Hacker News new | ask | show | jobs
by kwertzzz 2983 days ago
I am giving a class on numerical methods and one student choose to use python (while my example code was in Julia). It was a pain to see how this student was constantly shooting himself in the foot due some particular behaviors of python and numpy. For instance the student did not expect that a list comprehension iterating over a numpy vector returns just a python vector. Also the fact that the index ranges the last value is excluded let to several bugs. The exercise involved a time dependent matrix and the student choosed to represent it as a 3d Array, but then he needed to constantly convert slices as a matrix to use matrix multiplication (maybe this is now better solved with python 3 and the @ operator). So in short for doing linear algebra, Julia is really more convenient to use.
1 comments

This comment just sounds like "I know tool X well, somebody else doesn't know tool Y well, and therefore tool X is better."

To do matrix multiplication on many matrices "stacked" together in one step, use numpy.matmul: https://docs.scipy.org/doc/numpy/reference/generated/numpy.m... (and so there's no need to slice up the array, convert to matrix, etc.)

Note that the Numpy devs are trying to (if they haven't already) get rid of the "matrix" class and just use arrays, but of course dealing with legacy code is always an issue. Once that's out of the way, people won't be distracted by "matrices" to do matrix operations, and hopefully they'll see you can do matrix operations on arrays directly. (And yes, in Python 3 you can use the @ syntax to the same effect.)

Thank you for the info about numpy.matmul. However this feels quite clumsy to use a function call for a matrix operator, especially when you have several chained. I think that this is an good move to get rid of matrix class (I just didn't find any depreciation info in the documentation, maybe this still needs some time).

I think the python language is very elegant and the principle that there should be only one obvious way to do something has served them quite well. Unfortunately, in numpy you have quite often multiple ways to do things (often in addition to python own mechanism, e.g sum, numpy.sum and the sum method). I deal with students who have little programming experience and this can be confusing. One of the reasons I choose Julia for my lectures was that these issues do not exist in Julia. Julia is quite clean and simple in this regard.

However I completely see that for an experienced programmer (or a scientist with good programming experience), this is not a problem.

But for somebody learning to solve numerical problems, it is quite helpful that Julia code tends to be closer to the mathematical formulation. In addition, for the test I made, Julia code tends to be faster than vectorized numpy code (I can share the code if there is interest). The only major argument against Julia, in my opinion, is that it is still a young language and with a small ecosystem (much smaller in fact than python or R)

I would be curious about the code you use. Numpy was natural for me after going through engineering school, where Matlab was taught from year 2 on. Again, that was a language much more focused on the numerics. But as soon as I had to do something that wasn't numerical (first job out of school, and for everything since), I learned to hate Matlab and love Python.

Anyhow, that experience surely doesn't map onto Julia, a completely different language. So I'd be curious to see what your use case is; it might give me a different perspective on Julia (which I have only played with a couple of times back when it was even younger).

Sorry for the delay, but here is an example code:

https://gist.github.com/Alexander-Barth/c8eb764f400cdb7a1eb5...

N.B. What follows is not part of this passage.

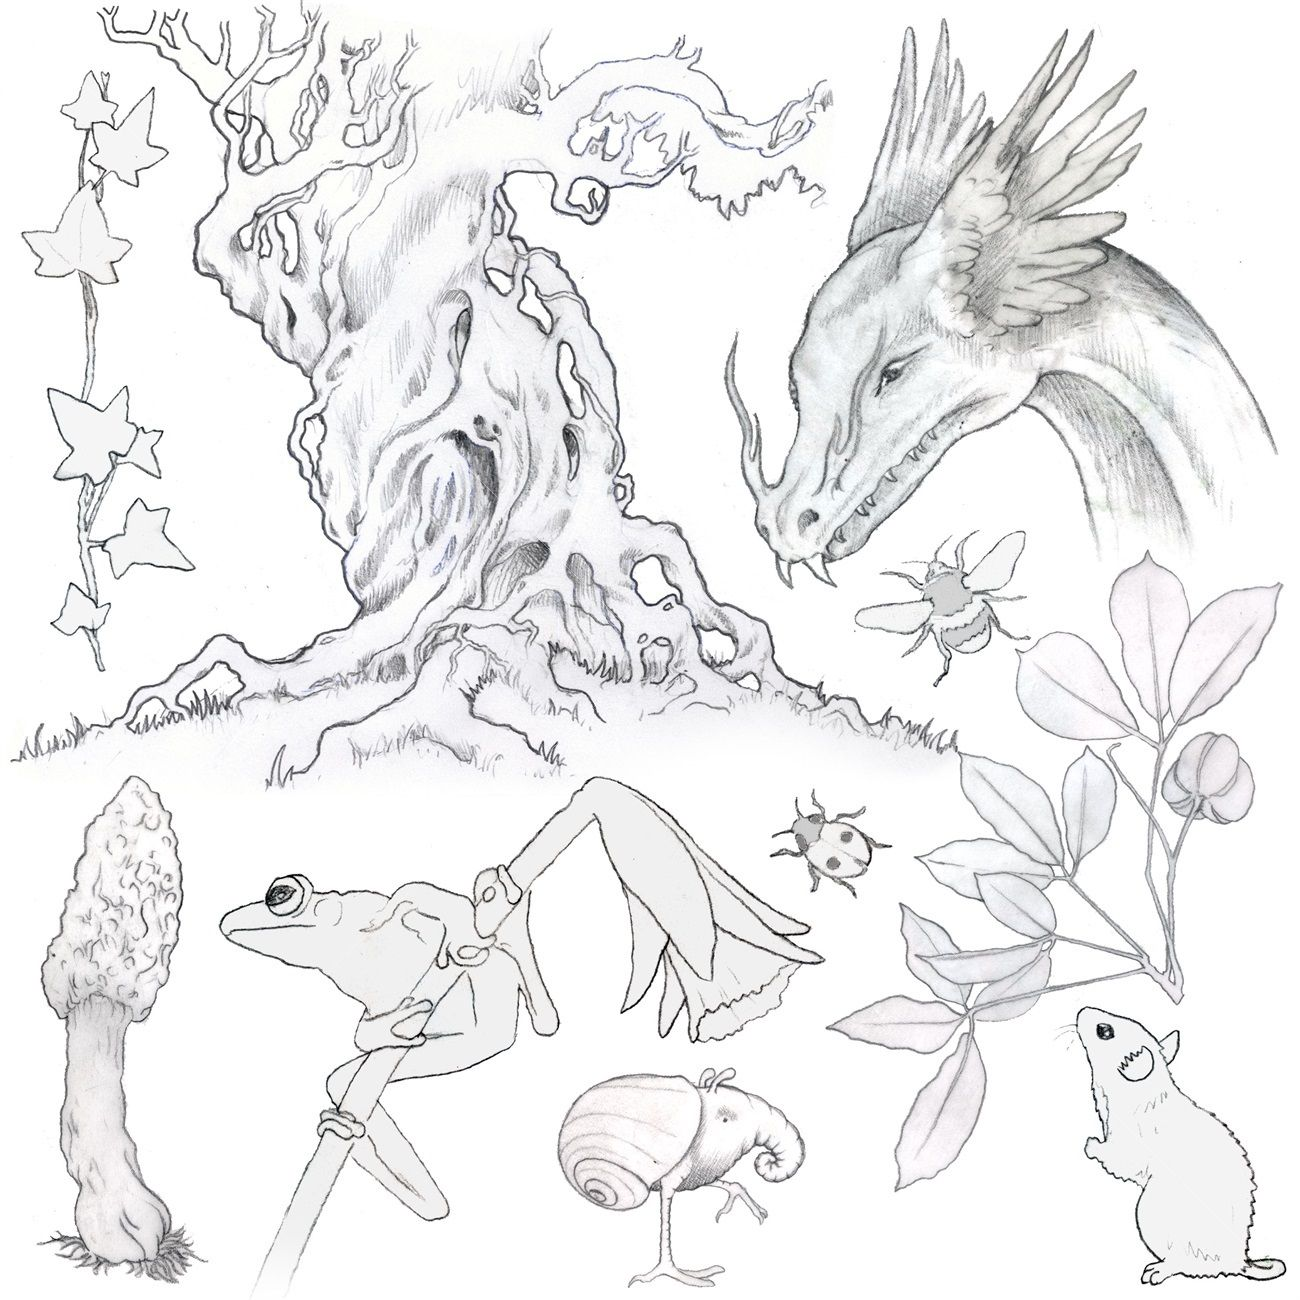 Aquatic Wetland And Invasive Plants Line Drawings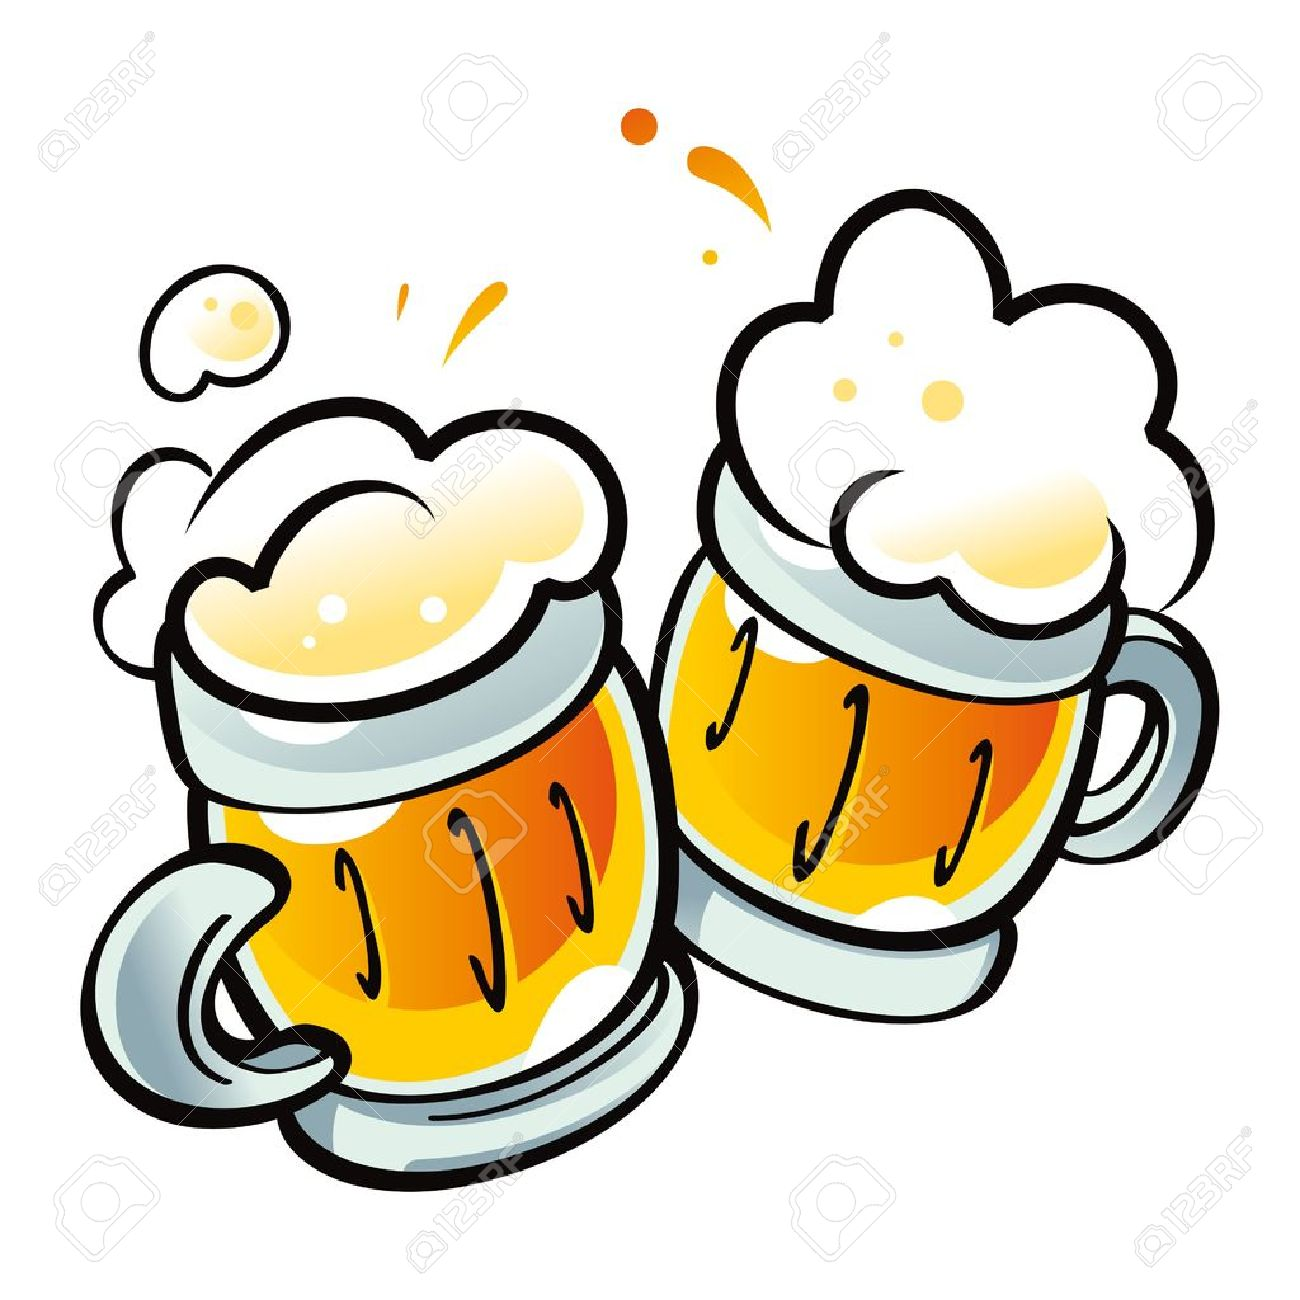 Alkohol trinken clipart. Alkoholflaschen clipartfest bierkrgen

Do not hesitate to tell me if I missed something to optimize the python code. If somebody has numba, pythan,... installed, I would be interested to see the speed-up compared to the vanilla python version on your machine.

So in short, for my cases: the fastest Julia test case (with loops and avoiding unnecessary allocation) was about 10x faster than fastest python 3 test case (with vectorization).

The runtime with vectorization are relatively similar (julia is only about 25% faster than python). Explicit loop and careful memory management are clearly beneficial in Julia.

The speed difference compounds as code grows in complexity. Julia compiles things together, using interprocedural optimizations and automatic type specialization. Lots of allocation saving utilities, fancy performance macros, etc. let you get very fast code. Recent testing in large applications showed that using a Numba function in a Julia code or a Python code was about 10x slower than a Julia code (here's a quick writeup: http://juliadiffeq.org/2018/04/30/Jupyter.html). We had a crew that was more experienced in Python keep trying to make it better (and lots of Julia programmers come from Python and have more experience (many more years!) with Python). 10x seemed to be the amount that Pythran, Cython, Numba was behind defining a Julia-function using pyjulia (Numba was great and easiest in comparison, so our docs kept that and dumped the others).

Moral of the story is, these Python tools are built for microbenchmarks and can do okay there, but without the full stack optimized together and without a type system that's exploitable for all of the performance tricks, it falls apart in real-world code.